Extremely horny sci-fi, Roxy masturbating at every opportunity, with dreamy visuals. We got zombie horses, geode-faced creatures, energy weapons, a pubic third eye, hats and fur coats everywhere, and everything is slimy or dripping and cross-faded onto everything else. I felt bad about not liking The Northman last night, then today I double-featured this with Mad God at the Plaza, and now I am feeling much better.

Watched on the exercise bike after Duel. Ultraviolent mythological epic, recalling Metalocalypse but with more rotoscoping. Swamp Witch and Ancient Guardian and Local Lord and Chief Librarian all struggle to obtain or protect or misuse a magic blue leaf that gives healing or destructive powers. I’m all in favor of this sort of thing.

Thought I’d pair this with the Coen version, not realizing the latter wouldn’t come out till early next year. A terrific looking movie, reportedly in part due to newly-designed anamorphic lenses – almost technically impeccable, a few dubbing issues. I like the idea of turning parts of the monologues into voiceover, although it means the actors have to silently react to their overheard thoughts, which is harder to pull off than speaking the lines. It gets gruesome between Macduff’s slaughtered kids, the king’s guards being dismembered, and a man taking a crossbow bolt to the forehead – also some clumsy clanking armor battles (these are all compliments). The only time I felt the 1970’s was in the “dagger I see before me” scene.

Polanski’s first film after his wife was murdered – he’d been prepping What? but thought it’d appear crass(er), and Hugh Hefner(!) was looking to add respectability by getting into the Shakespeare business and losing a bunch of money. Opens with the witches on a beach… the second prophecy scene is zany, and culminates in a good mirror scene.

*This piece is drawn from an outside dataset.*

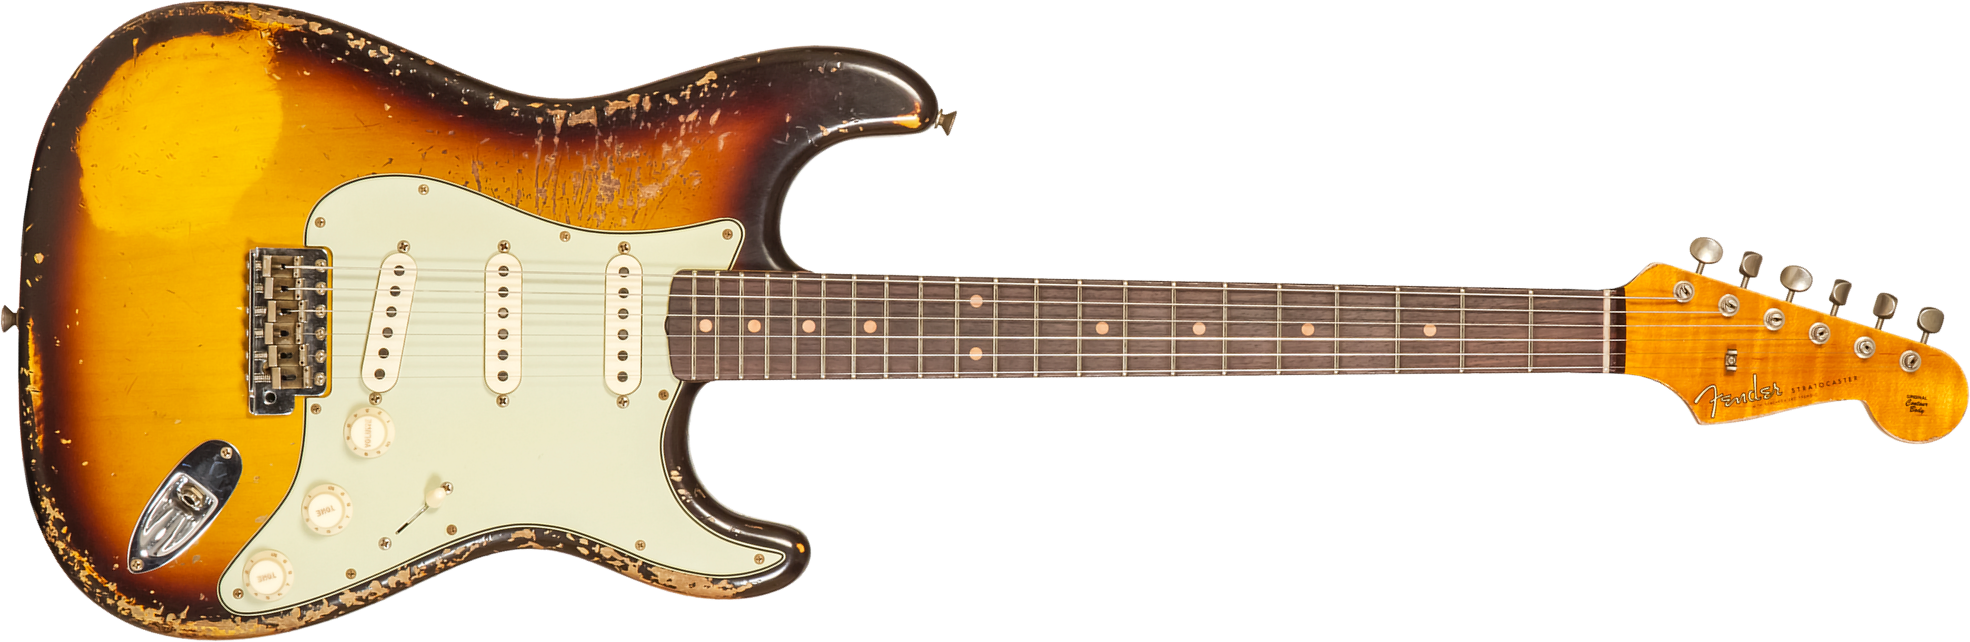 Fender Custom Shop Strat 1959 3s Trem Rw #cz571958 - Super Heavy Relic Aged Chocolate 3-color Sunburst - Elektrische gitaar in Str-vorm - Main picture
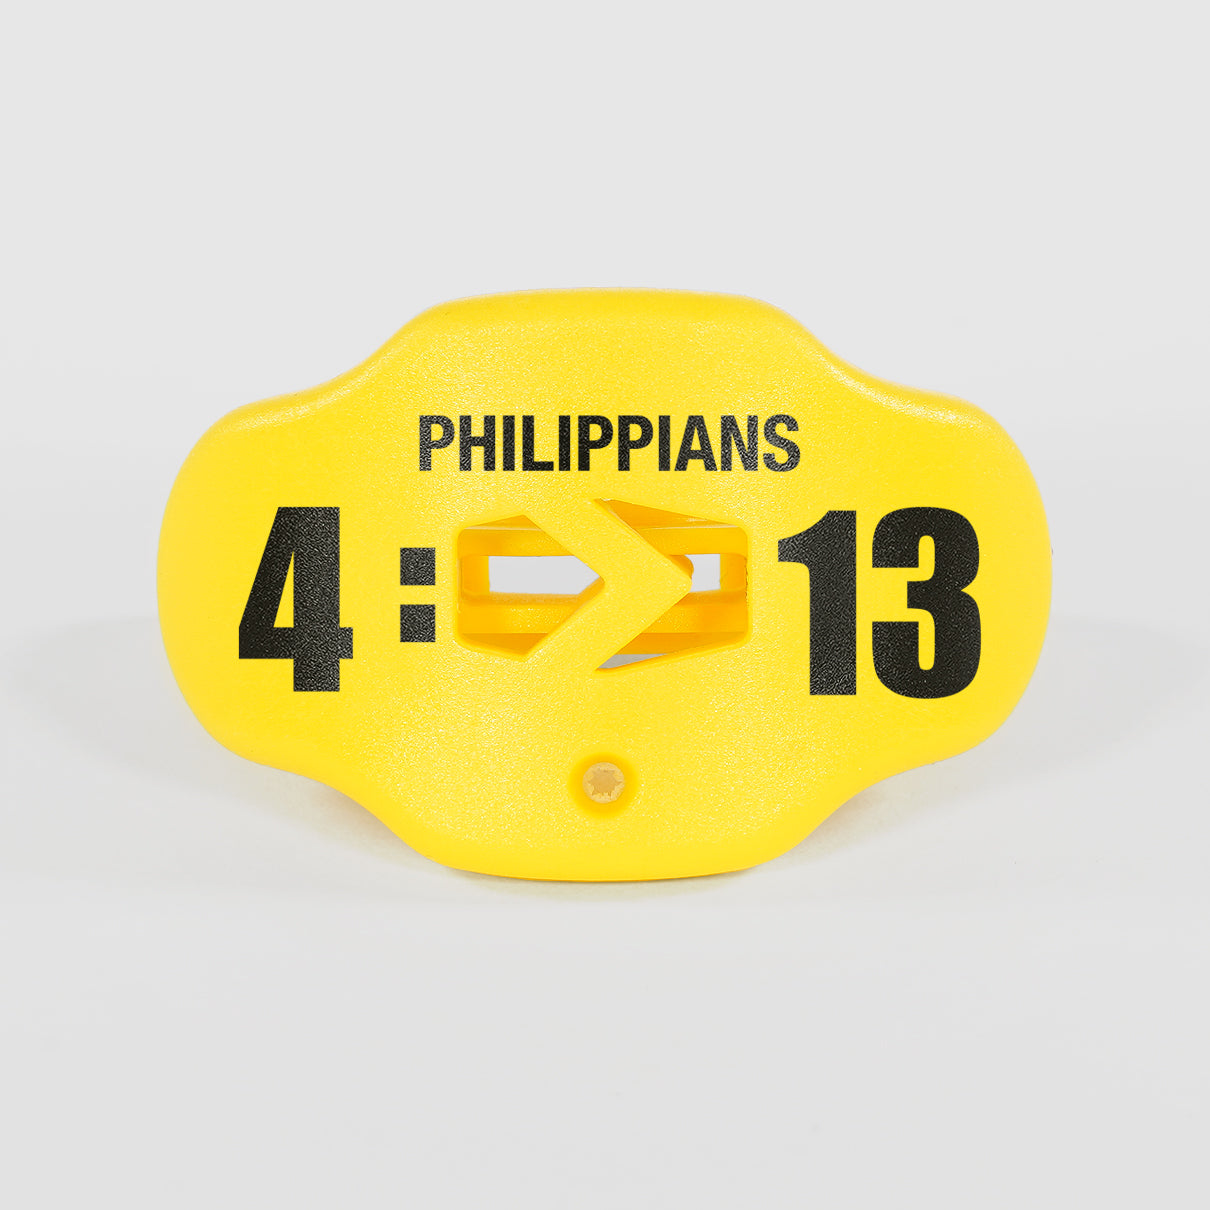 Philippians 4:13 Hue Yellow Football Mouthguard

In the chronology of filmed Macbeths, Werner Schroeter’s obscure hourlong TV version came out the same year, a TV miniseries the year before, but there hadn’t been a major film since Throne of Blood. The next would probably be in ’79, the TV movie with Ian McKellen and Judi Dench. Never heard of a single person in the cast, besides MacB (Frenzy star Jon Finch). Lady M Francesca Annis would star in back-to-back sci-fi epics Krull and Dune. Macduff would become a Gilliam regular, and Banquo was in Dennis Potter’s Cream in My Coffee.